*** RAW DATA
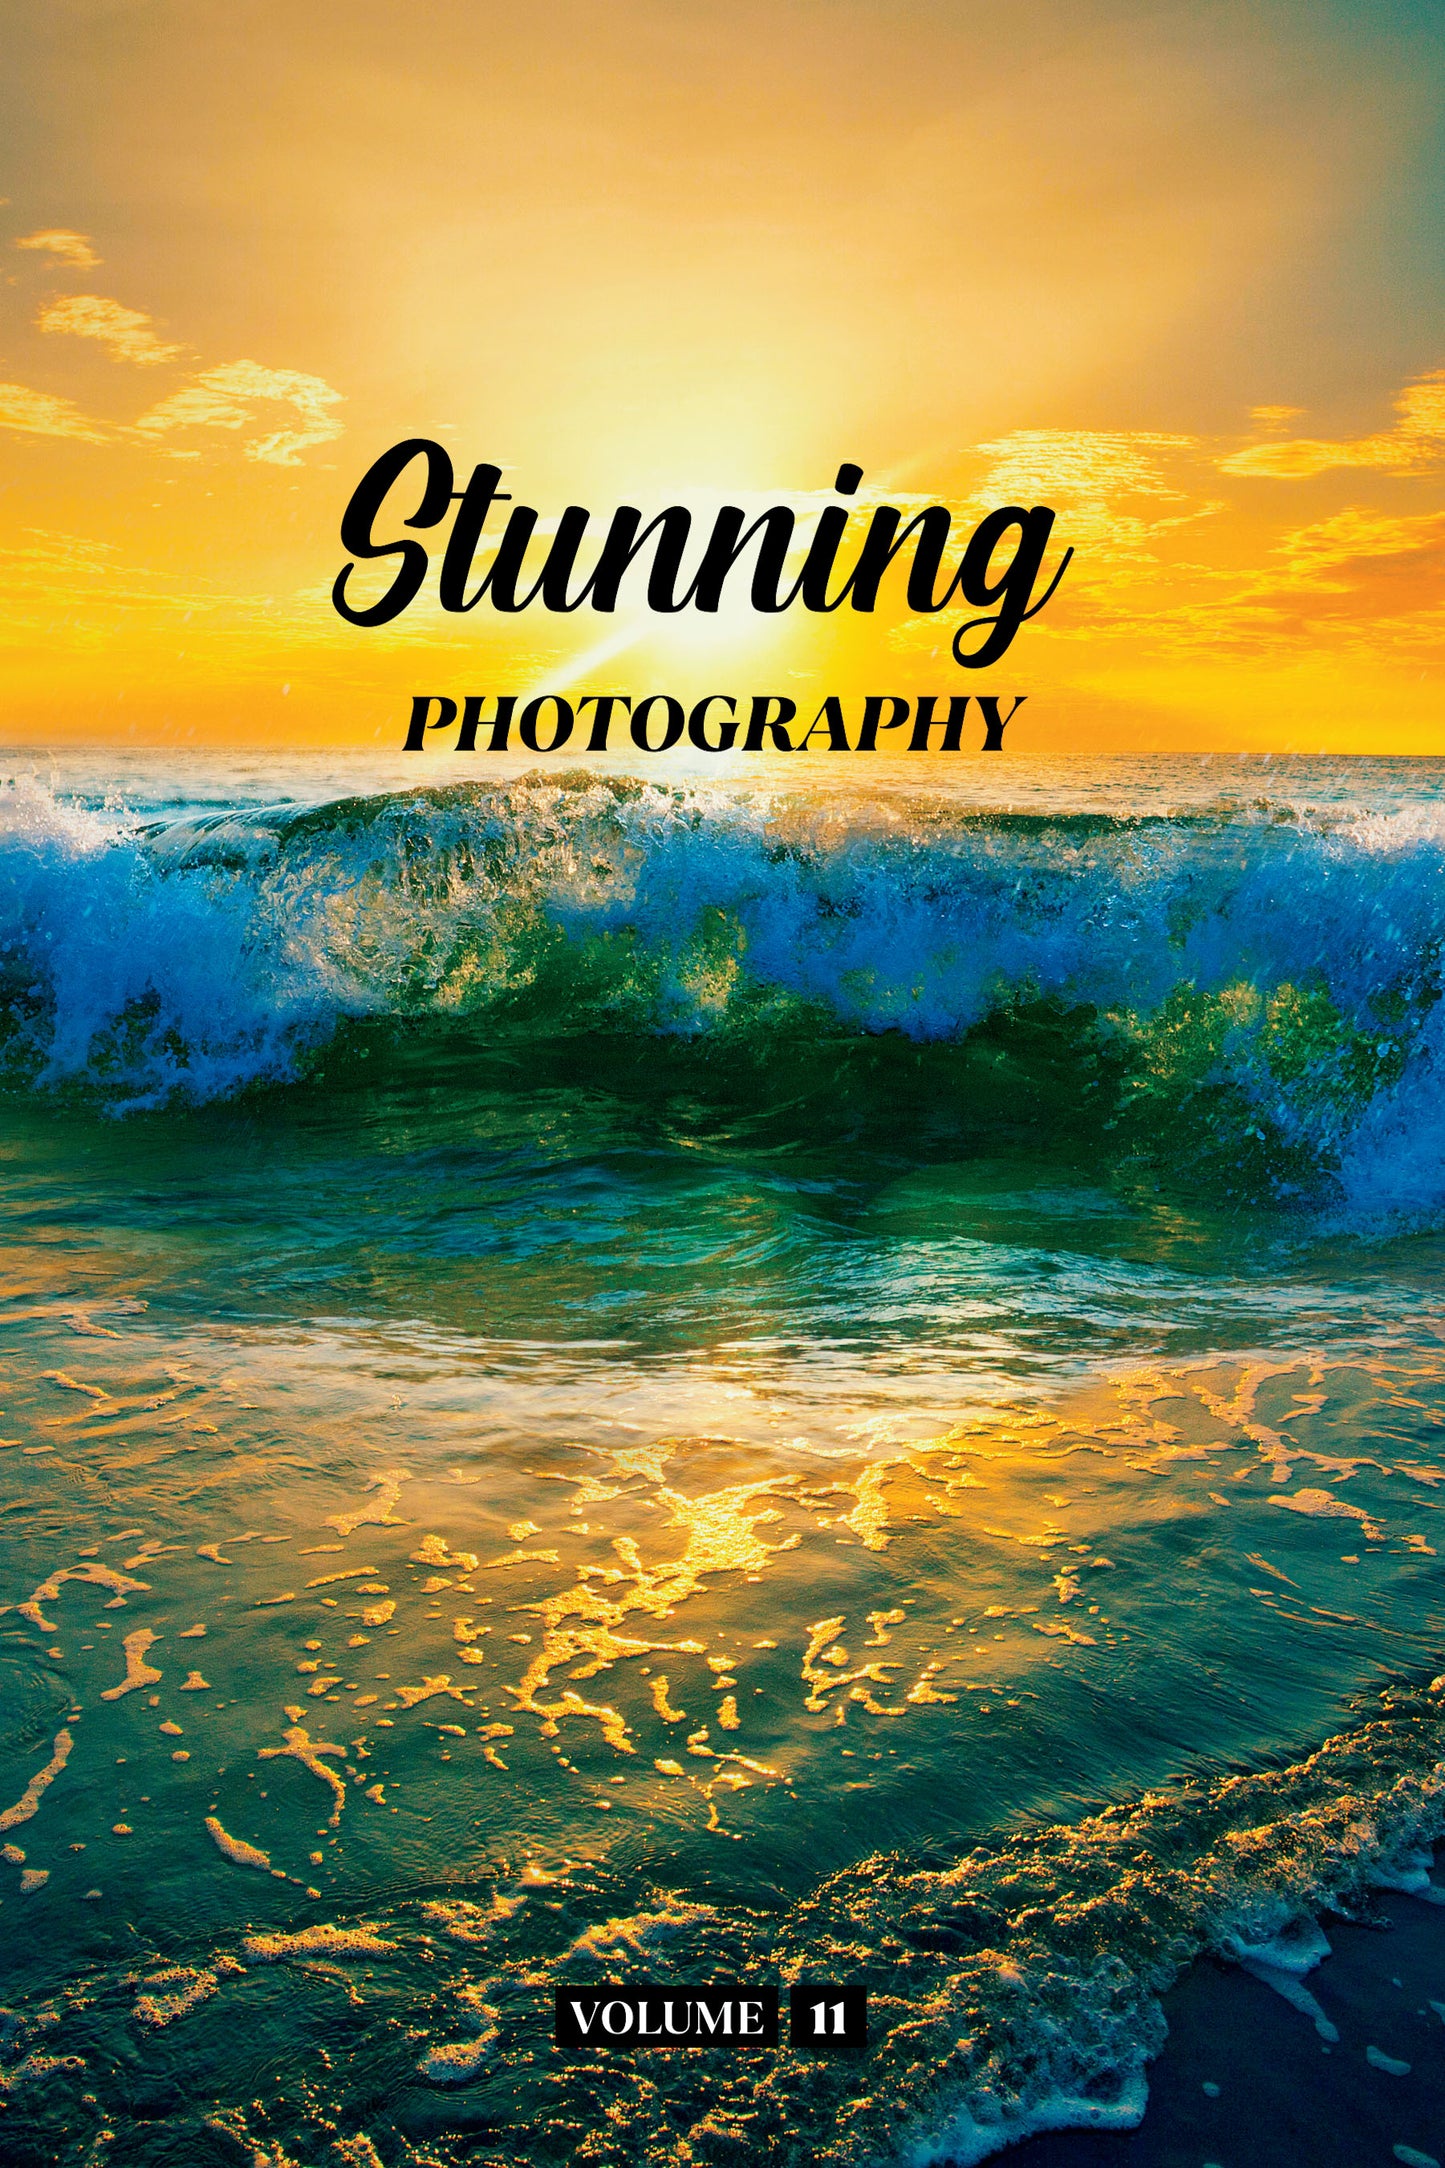 Stunning Photography Volume 11 (Physical Book)
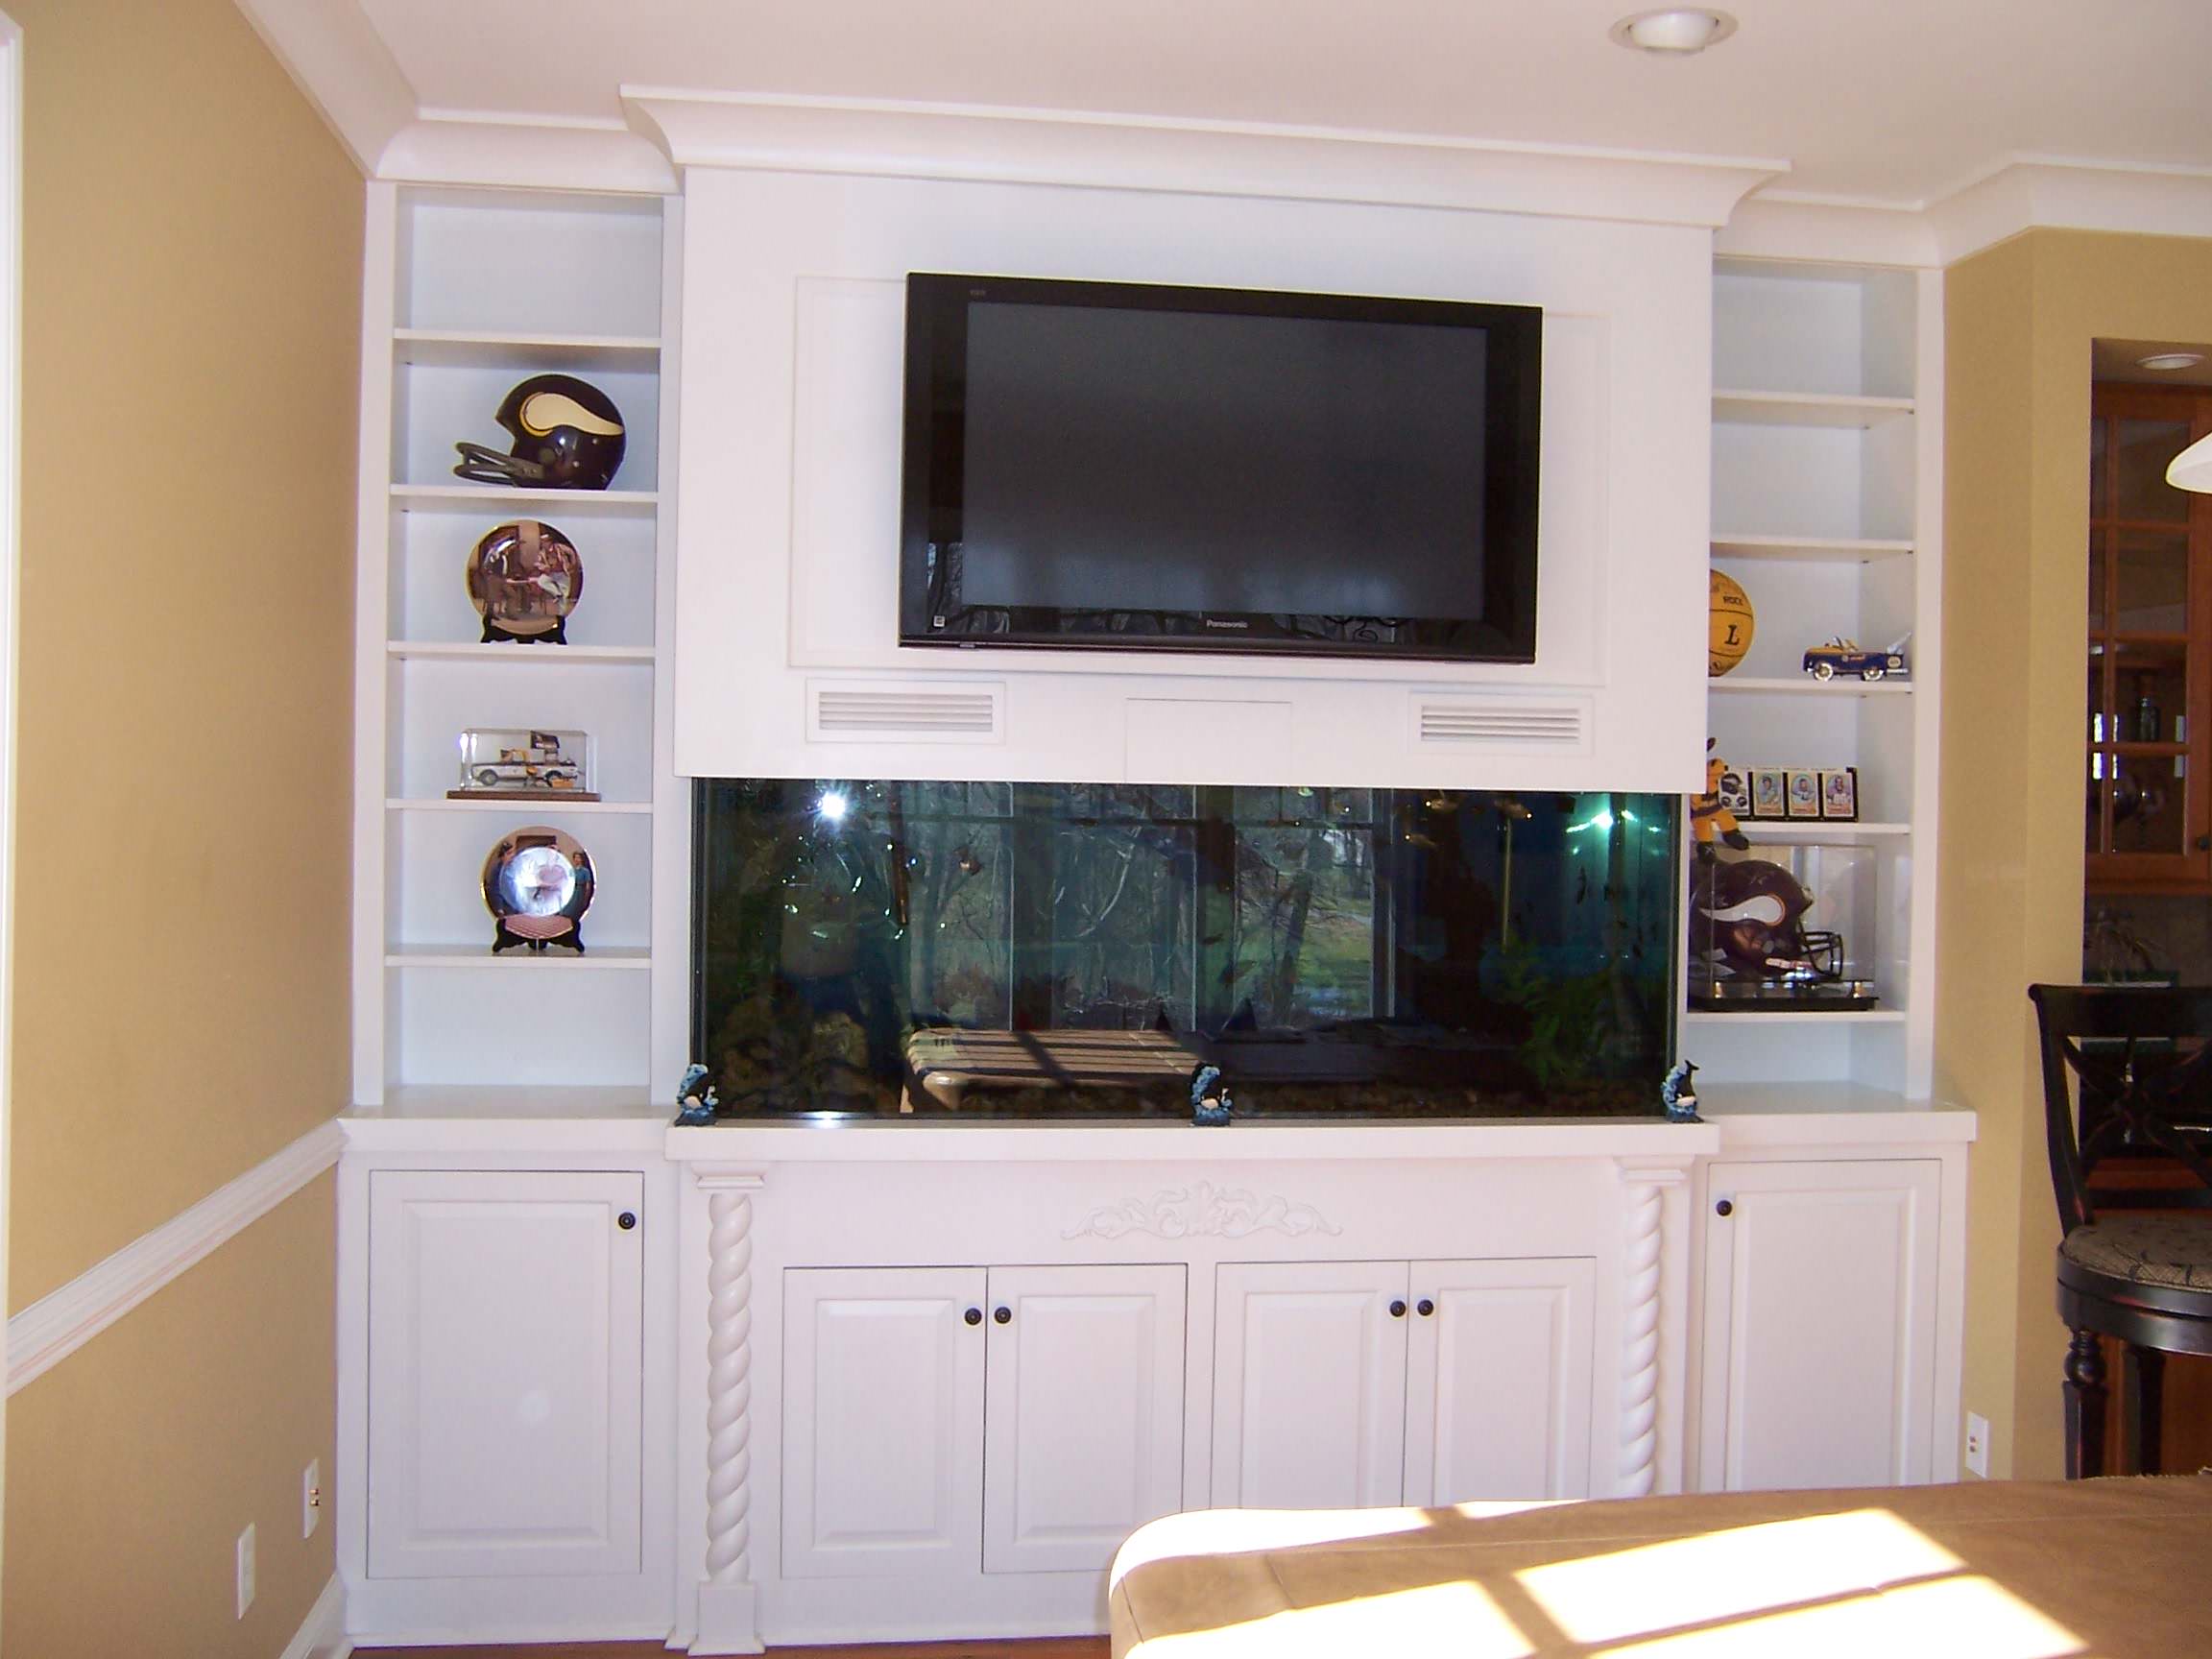 Built Ins With Tv And Fish Tank - Photos & Ideas | Houzz
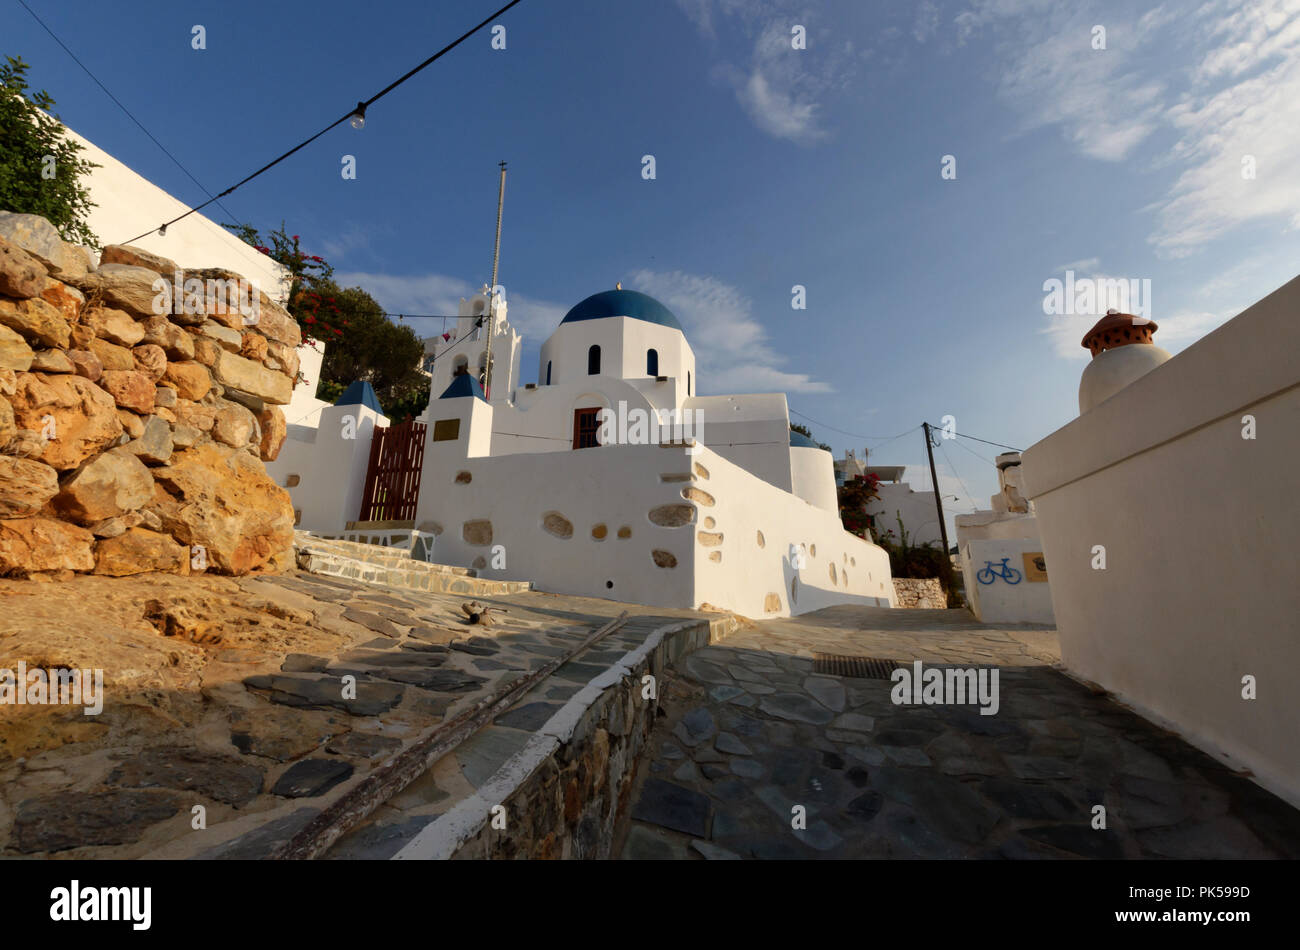 The church of the Holy Cross, located above the port of Donousa, in South Aegean Stock Photo
******
◆ WHAT IS EXPECTED
Copy verbatim the span that begins at the line containing "Built Ins With" and ends at the last line of the material, inclusive of both; exclude pictures.

◆ RESULT OF THIS EXERCISE
 Built Ins With Tv And Fish Tank - Photos & Ideas | Houzz
 The church of the Holy Cross, located above the port of Donousa, in South Aegean Stock Photo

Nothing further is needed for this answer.